WTF? why was my post deleted?


----------



## riffz (Oct 5, 2009)

Lol that's a great idea.


----------



## IamWEB (Oct 5, 2009)

I would have loved to see a massive pop.  ~lolplottwist


----------



## Lucas (Oct 5, 2009)

IamWEB said:


> I would have loved to see a massive pop.  ~lolplottwist



That would be an epic fail, a massive pwnage.  And probably a bye to some piece/s.


----------



## Tim Major (Oct 5, 2009)

That is awesome. Pity traffic lights in Australia are different, and don't have time.


----------



## Chuck (Oct 5, 2009)

ardi4nto said:


> Dd was so funny too, and he is a well known guitarist in Indonesia



His video below is one my favorite.


----------



## ardi4nto (Oct 5, 2009)

ZB_FTW!!! said:


> That is awesome. Pity traffic lights in Australia are different, and don't have time.


Not all traffic light in Indonesia have timer, only in big cities like Jakarta, Bandung, and Yogyakarta..
But they have always have 40-60 seconds on red and 20-40 seconds on green..
(Yellow doesn't count, it's always under 5 seconds  )



Chuck said:


> ardi4nto said:
> 
> 
> > Dd was so funny too, and he is a well known guitarist in Indonesia
> ...



Ah, you missed these moments in Lembang..
He used the guitar to play "Adzan Subuh" melody, so fun..


----------



## driftboy_wen (Oct 5, 2009)

and the "timer" goes off.. and.. BAMMM ^-^ LOLOLOLOL


----------



## ardi4nto (Oct 5, 2009)

driftboy_wen said:


> and the "timer" goes off.. and.. BAMMM ^-^ LOLOLOLOL



Imagine you do something like that, and not in the traffic light, but in railway track


----------



## Chuck (Oct 5, 2009)

ardi4nto said:


> Ah, you missed these moments in Lembang..
> He used the guitar to play "Adzan Subuh" melody, so fun..




Yeah, back then I was a total noob in cubing so I didn't dare to go to the Lembang national gathering. :fp I hope there will be another national gathering in the future, aside from the official comps.


----------



## Omniscient (Oct 5, 2009)

ha great video 5* stars for that!!!
the police was wtf how does he do that lol great!!!


----------



## Chuck (Oct 5, 2009)

ZB_FTW!!! said:


> That is awesome.
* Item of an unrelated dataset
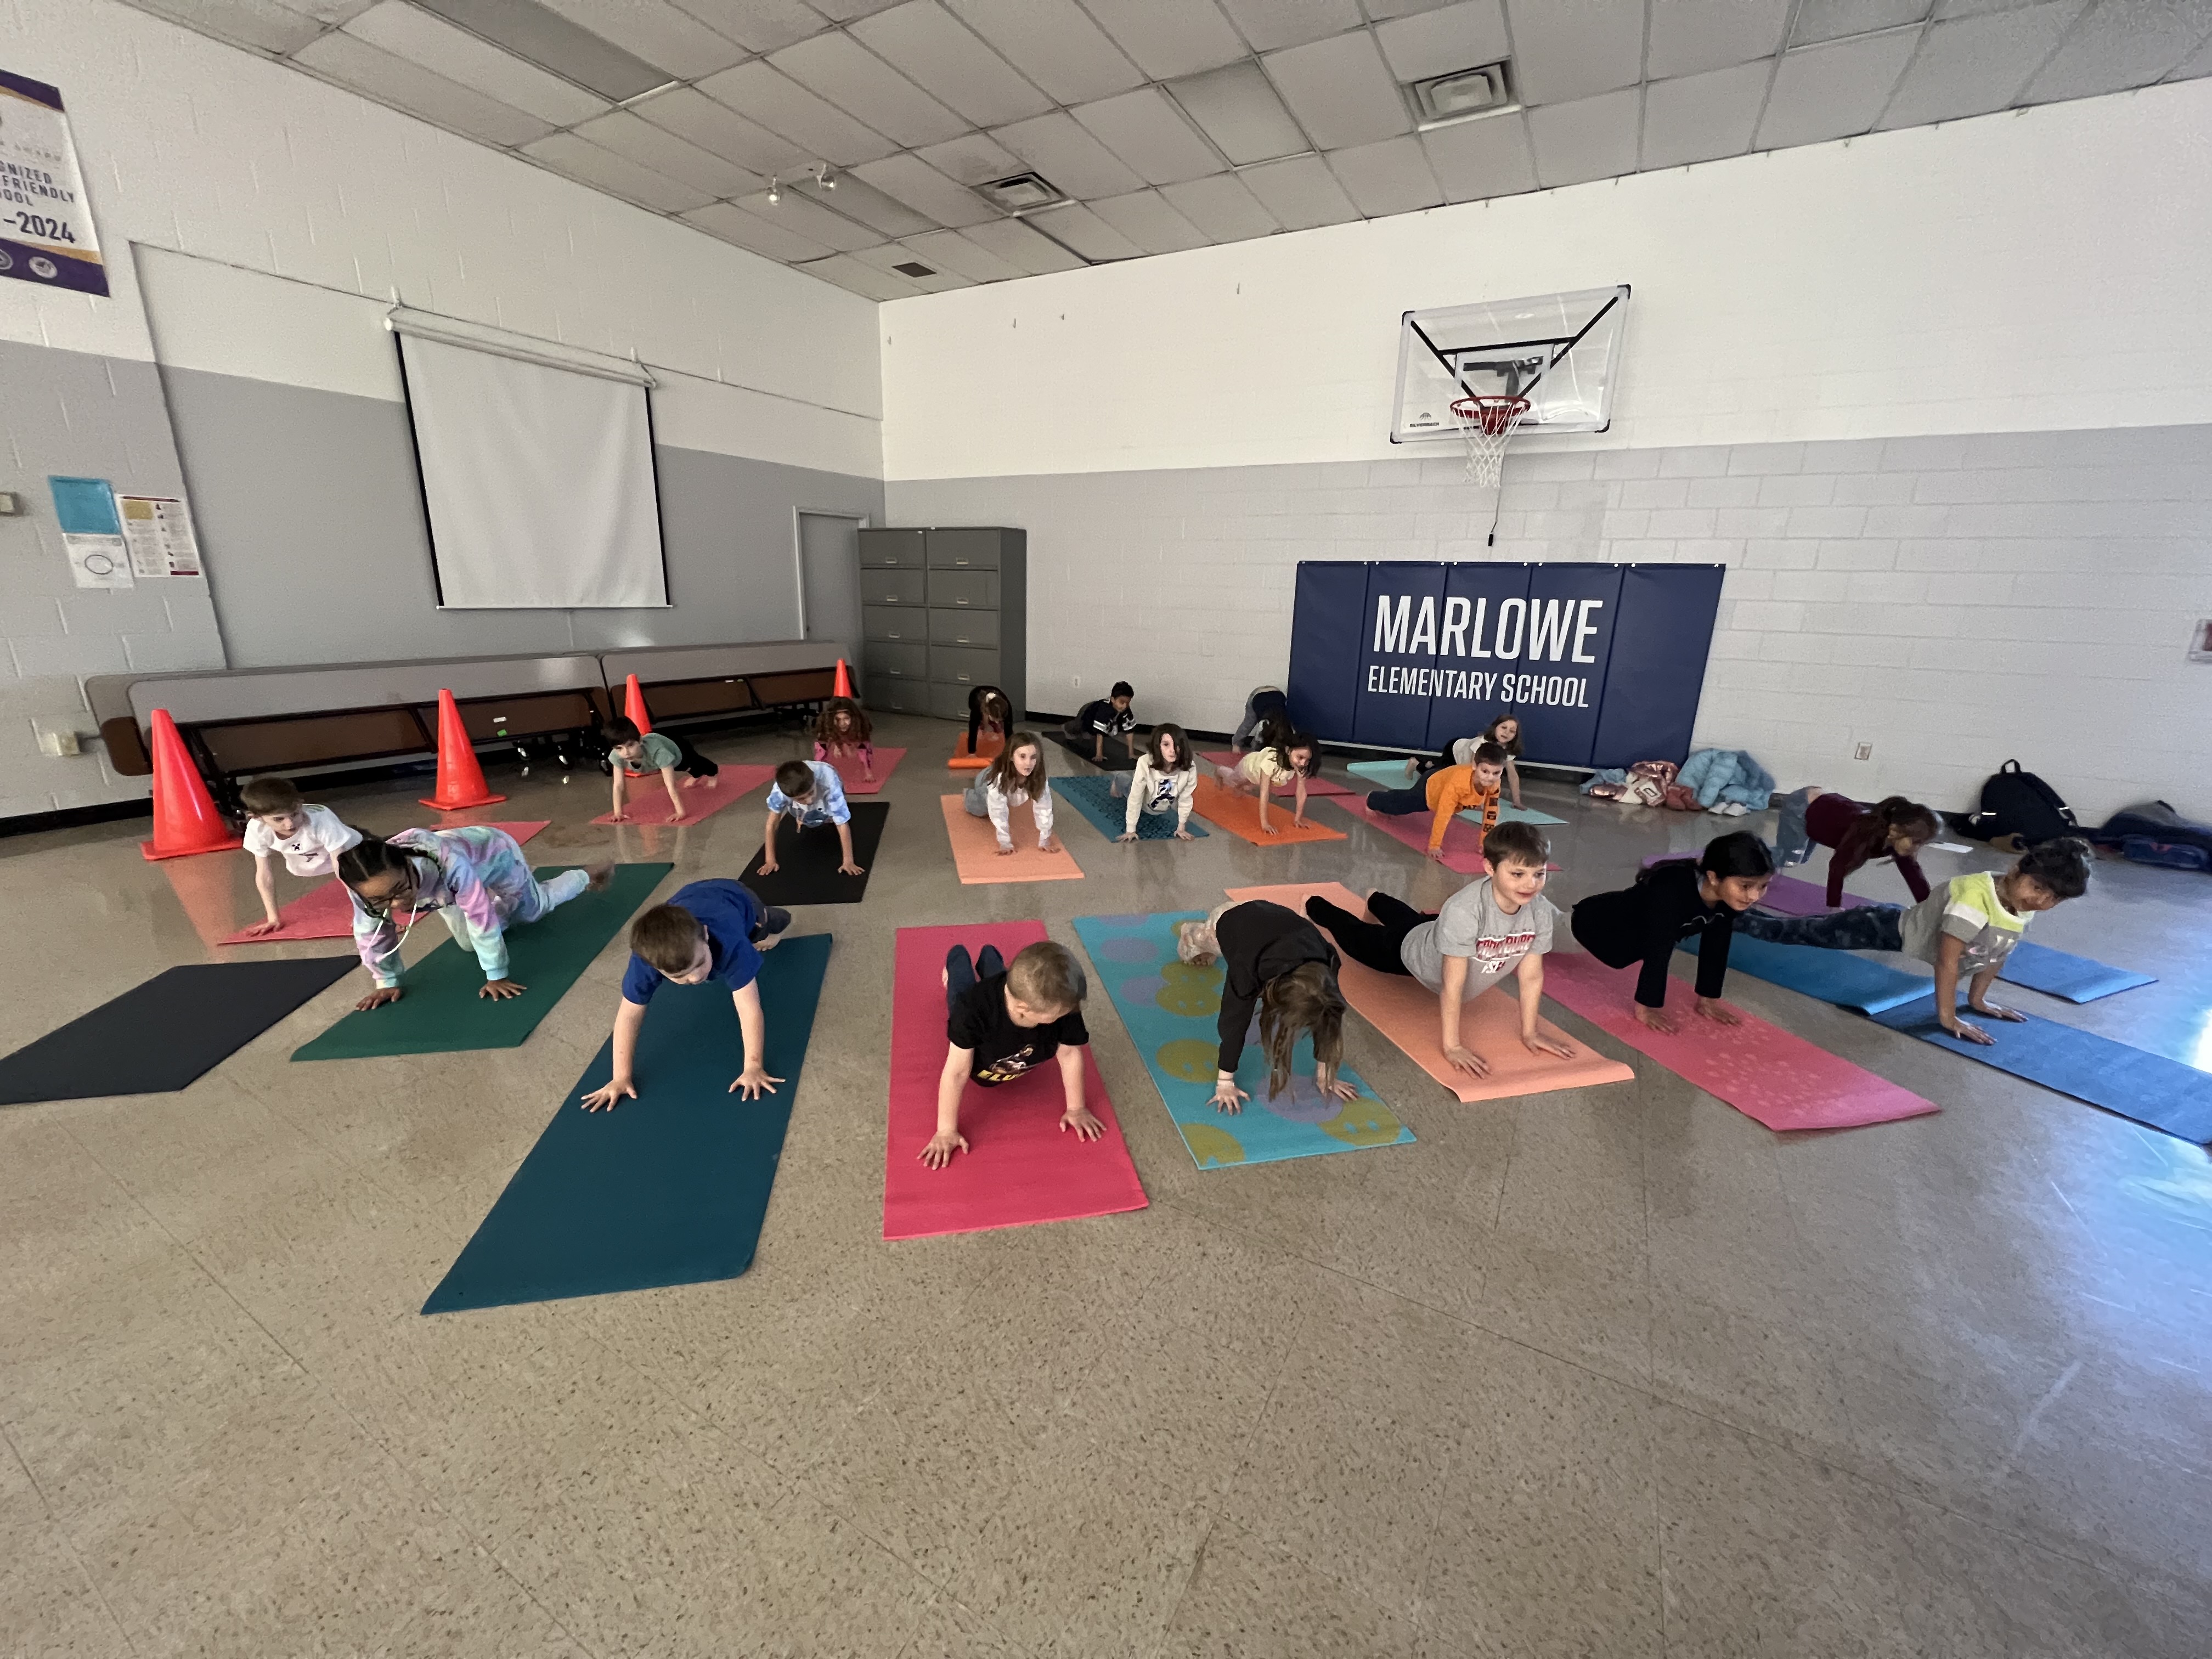 Students are on yoga mats doing the yoga pose "upward facing dog," which is a belly - down pose, while they hold their chests up toward the sky with the arms.

Pity traffic lights in Australia are different, and don't have time.




Is it true that traffic lights in Australia look like this? :confused: I found this picture in Wikpedia, said "Marshalite traffic signal, in Melbourne Museum."


----------



## stevethecuber (Oct 5, 2009)

5 stars!, Subscribe, Favorite


----------